McArdle: Uber, Lyft a study in best, worst of capitalism

That ‘the market’ responsds to our demand — sometimes with negative consequences — reflects on us.

By Megan McArdle

The Washington Post

Chances are, if you live in a city, Uber and Lyft have changed your life. Even my 74-year-old mother now semi-frequently uses Uber to get around; this, a woman with whom I once spent 45 minutes on the telephone, trying to coach her through minimizing a window on her desktop.

As advances go, Uber and Lyft aren’t quite up there with indoor plumbing and central heating, but they’re still definitely an improvement over the prior status quo: more reliable, more available and cheaper than taxi services, especially for remote and low-income areas. And, now, they’re offering urban dwellers bikes and electric scooters, as well as cars. Even when they eventually stop burning investor cash to subsidize those services, being able to spontaneously hail a ride from your phone will noticeably improve millions of people’s lives.

Uber and Lyft are everything we love about capitalism.

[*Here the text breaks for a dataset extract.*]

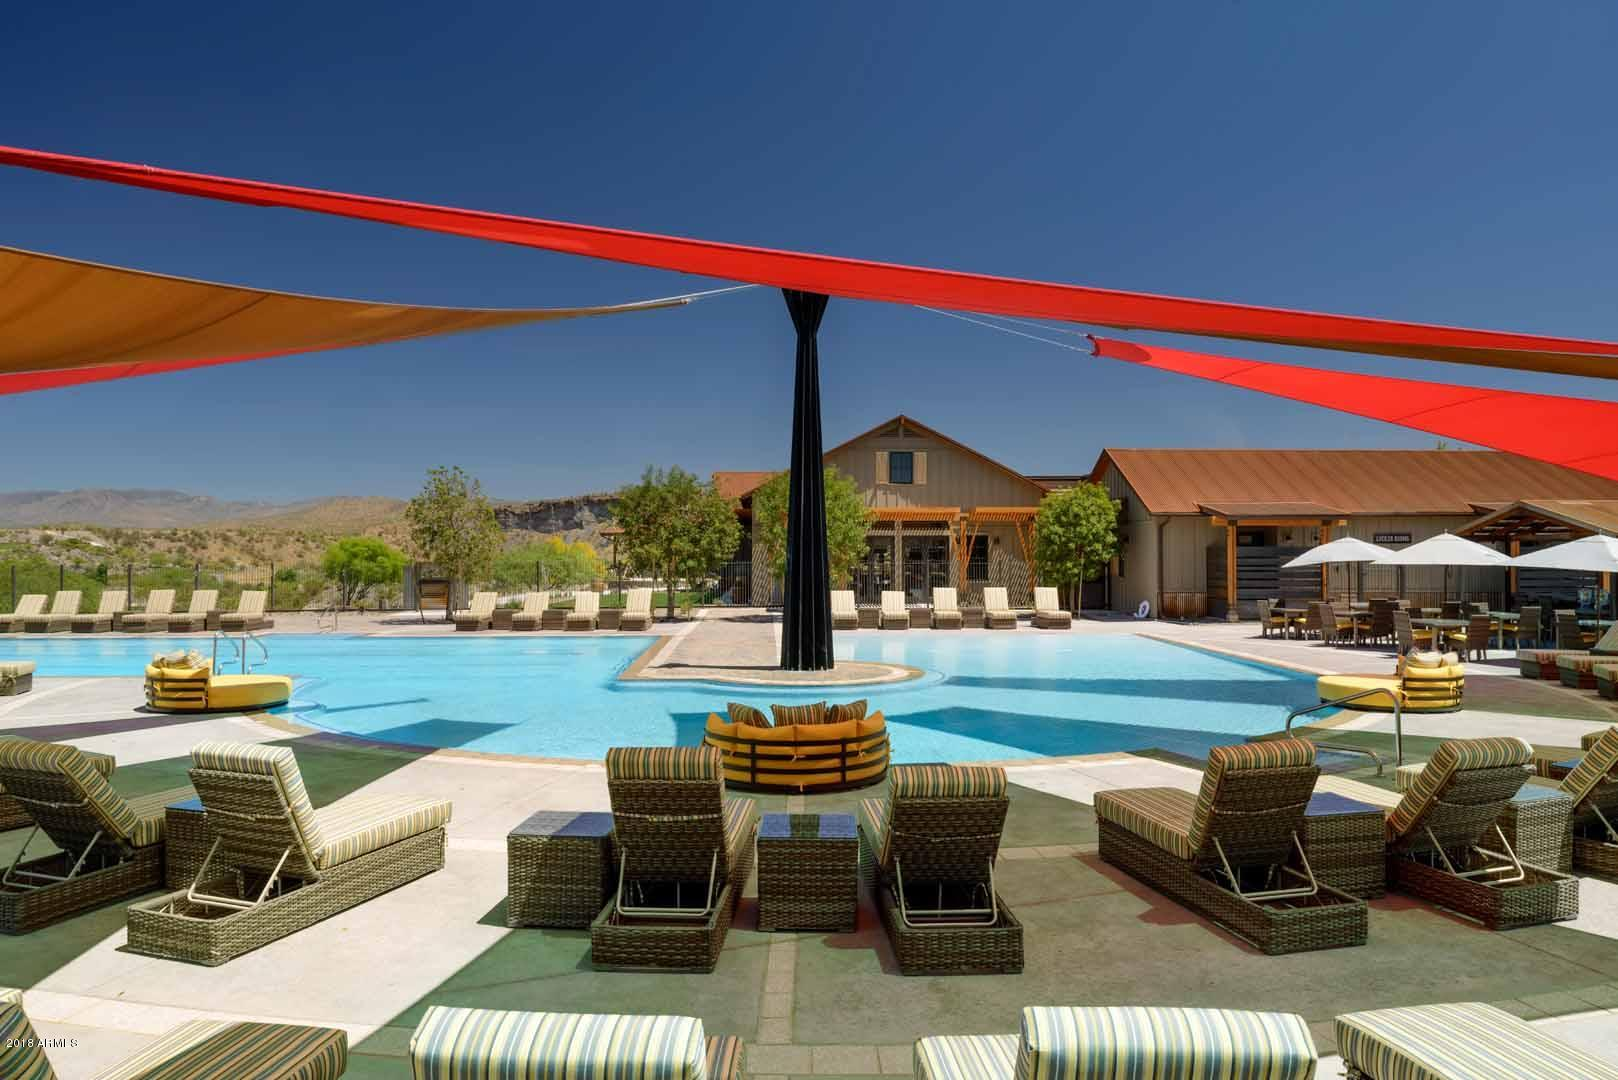 MLS 5834446 3685 STAMPEDE Drive, Wickenburg, AZ 85390 Wickenburg AZ Two Bedroom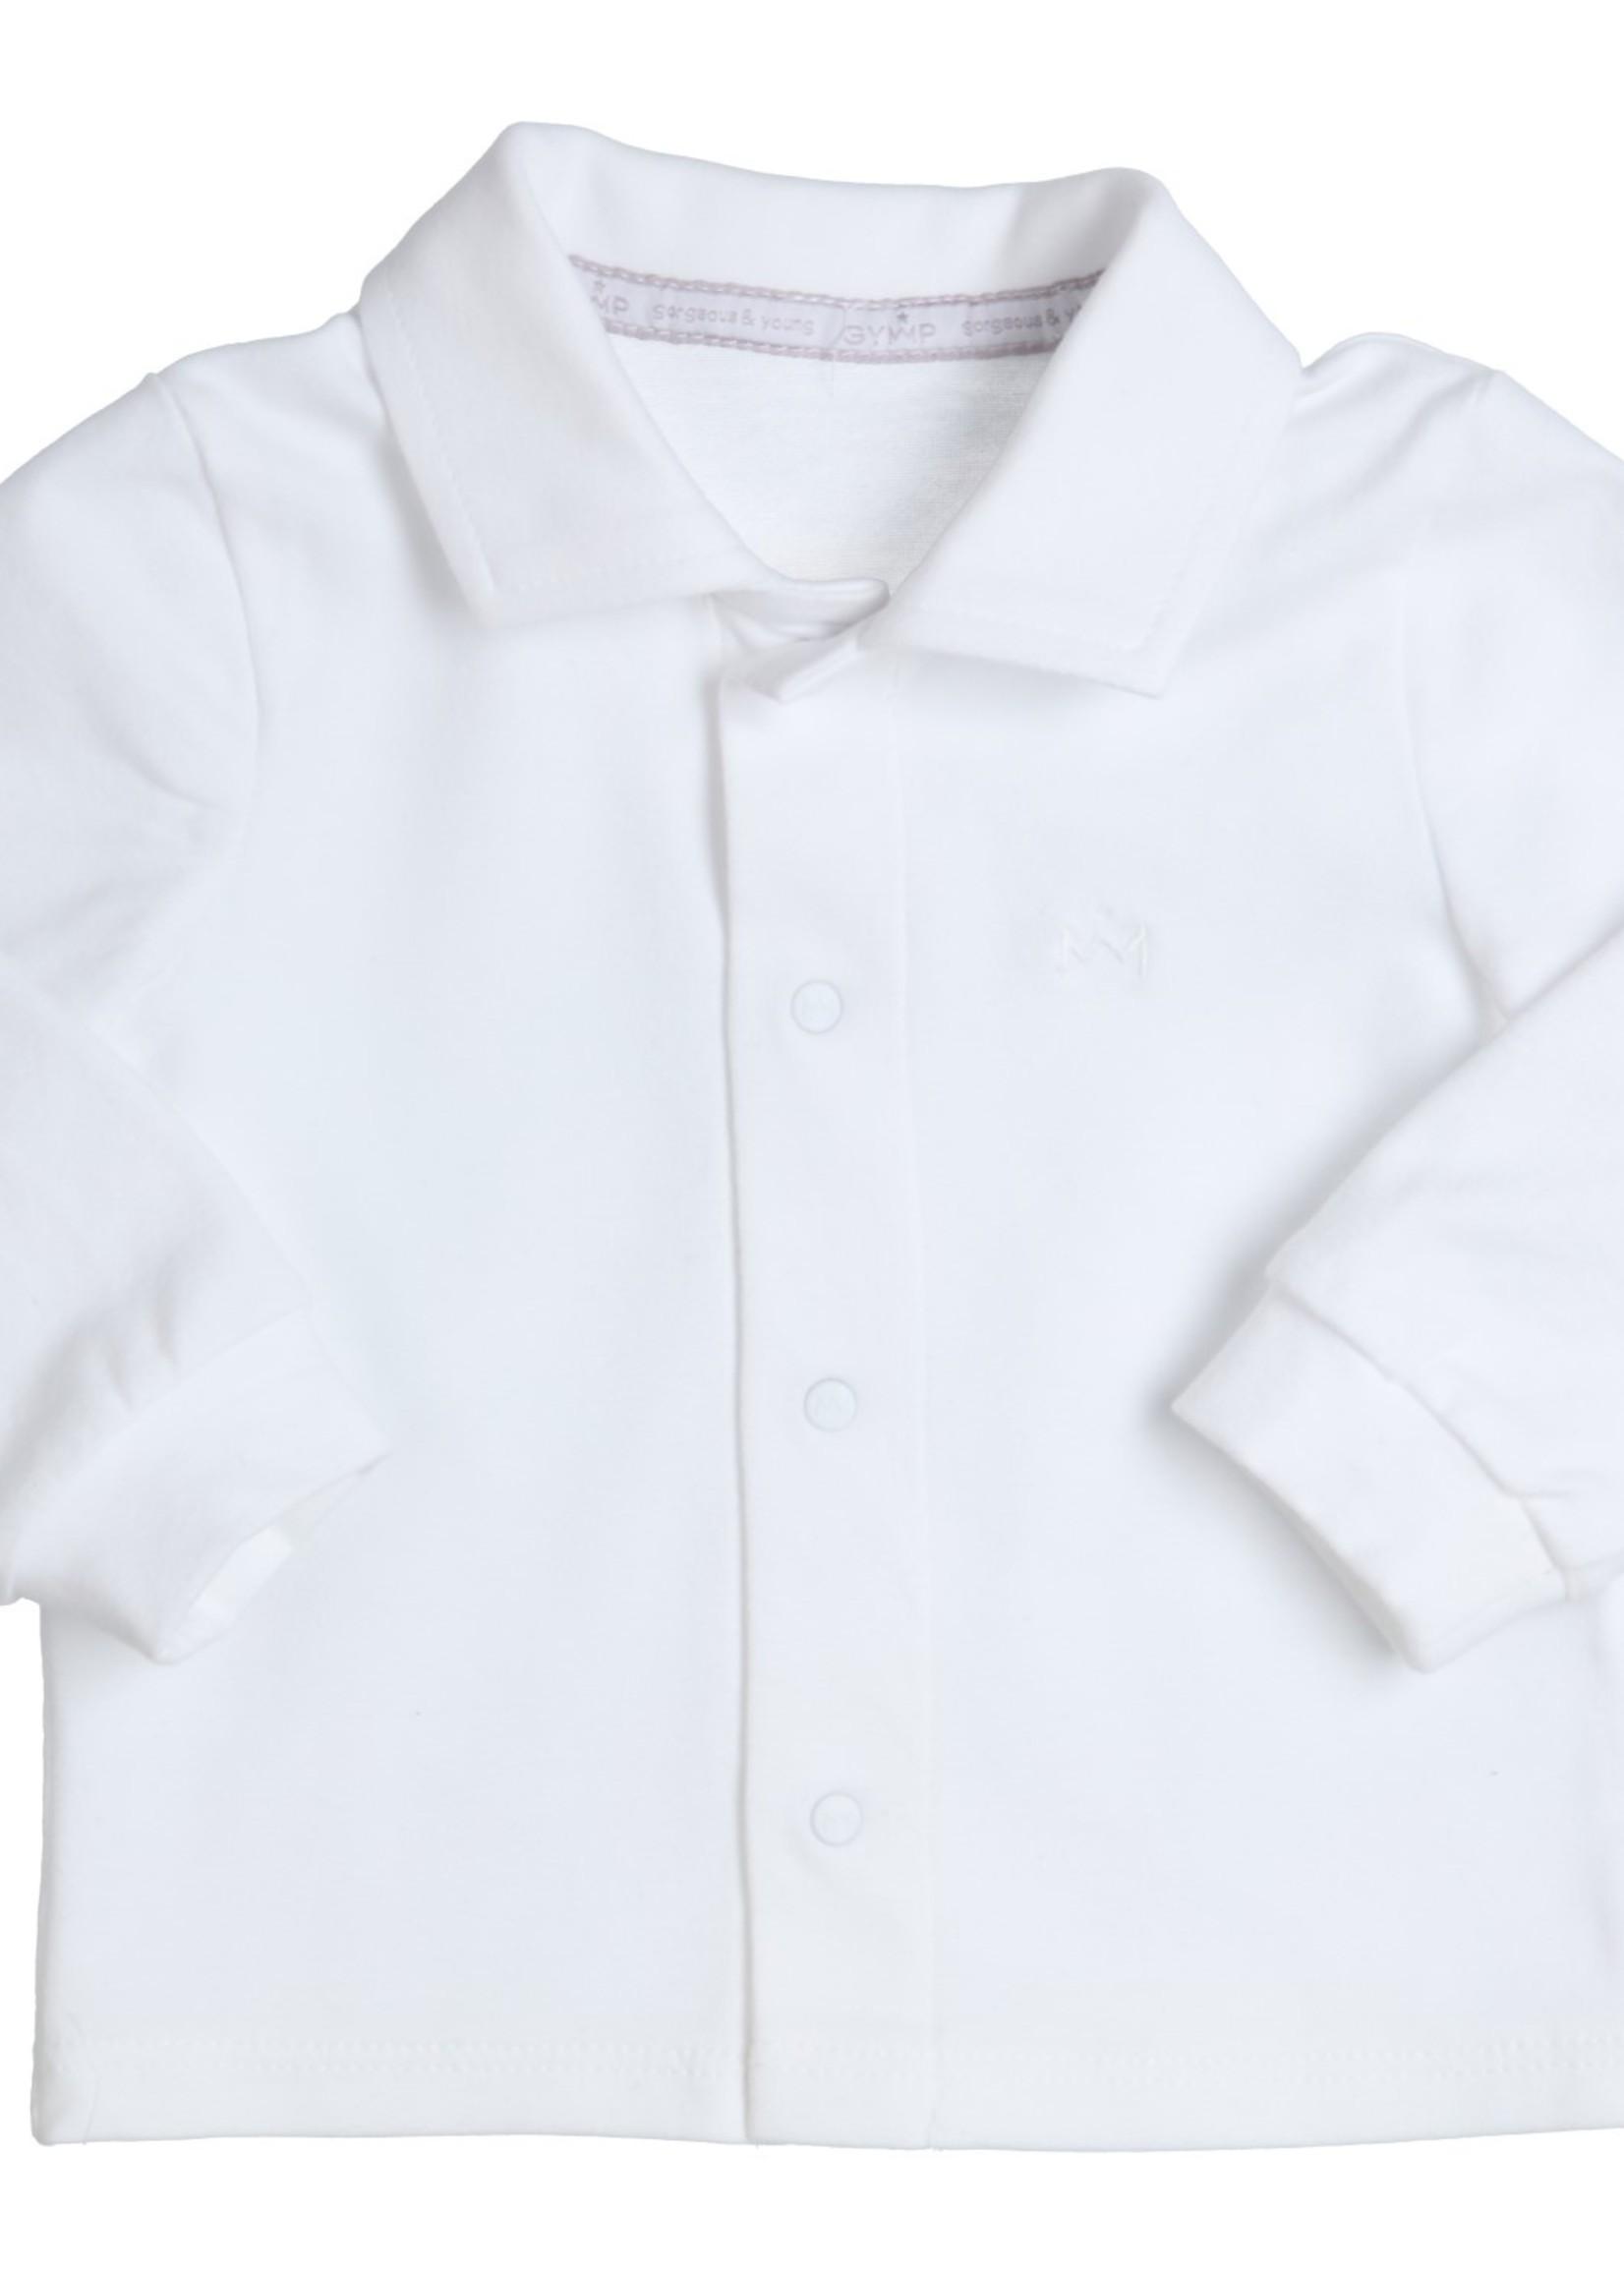 Gymp Gymp shirt met knoopjes wit

And writ large, theirs is the story of the capitalist revolution that has over the past few centuries raised us from short-lived squalor to lives of comparative peace, wealth and leisure. Just 170 years ago, my ancestors fled a famine that denuded Ireland of roughly a quarter of its population. By contrast, their descendants today fret about advancing avoirdupois, a real estate bubble and the high cost of space-age diagnostic scans.

The journey between 19th-century hardship and today’s abundance was composed of many steps, most of them guided by the invisible hand of the market. Markets funneled resources to promising ideas, many of them bad, some of them pure genius, and then winnowed out the bad ones. That iterative process of incremental improvement has brought us to the here and now. We can reasonably hope that it will propel our grandchildren further still, to something that would seem to us an unimaginable paradise.

But recently, I’ve been thinking that though Uber and Lyft are everything we love about capitalism, they are also everything we hate.

Consider the difference between the corporate cultures of these two firms. Uber’s early chief executive, Travis Kalanick, was a tech-bro outlaw whose desire to disrupt the taxi industry may have started with the time he was forced to jump out of a cab after a heated altercation with the driver. During the company’s turbulent early years, Kalanick staged equally belligerent confrontations with local governments, allegedly tolerated rampant sexual harassment and discrimination within his company, and pitched his services to the affluent as “a convenient, and classy ride.”

Lyft was like Uber’s kindly hippie cousin. Its founders are explicitly idealistic about Lyft’s mission to eliminate the environmental and financial costs of personal car ownership. While Uber initially focused on fancy black cars, Lyft let people drive their modest older-model sedans and initially stuck mustaches on the front of the car to reassure passengers that Lyft was goofily benevolent. They invited passengers to ride up front with the driver, like a friend rather than a customer. They took a conciliatory stance toward regulation.

Uber and Lyft were about as different as two companies in fundamentally the same business could be. But at this point, from the customer perspective, they’re barely different. They offer the same services, for roughly the same price, in many of the same markets. Worse, Uber, the aggressively mercenary firm, has a higher market share than the idealists.

This, too, is the invisible hand of the market, driving everyone in the same direction. As markets like to do, because markets tend to reward scale. Scale, in turn, rewards the lowest common denominator that everyone will accept, which means the homogenous and ubiquitous. And because idealistic values are costly, and decidedly not homogenous across large groups of people, they are rarely rewarded the way storybooks tell us they ought to be.

Which may explain why elements of both left and right are nearing open revolt against the whole idea of markets. Market innovation is highest in a tech sector that tends toward scale even more sharply than its industrial forebears: the efficient number of firms providing the services of a Facebook, a Google or an Amazon — and maybe an Uber or a Lyft — is probably one. (Amazon founder and chief executive Jeff Bezos also owns The Post.)

The obvious rejoinder to this complaint is that “the market” is simply us, collectively. It is failing to reward certain things because we are failing to reward them, at least in sufficiently large numbers. But then, perhaps that’s exactly why they make us so uncomfortable: because markets reflect back to us what we are, instead of what we’d like to be.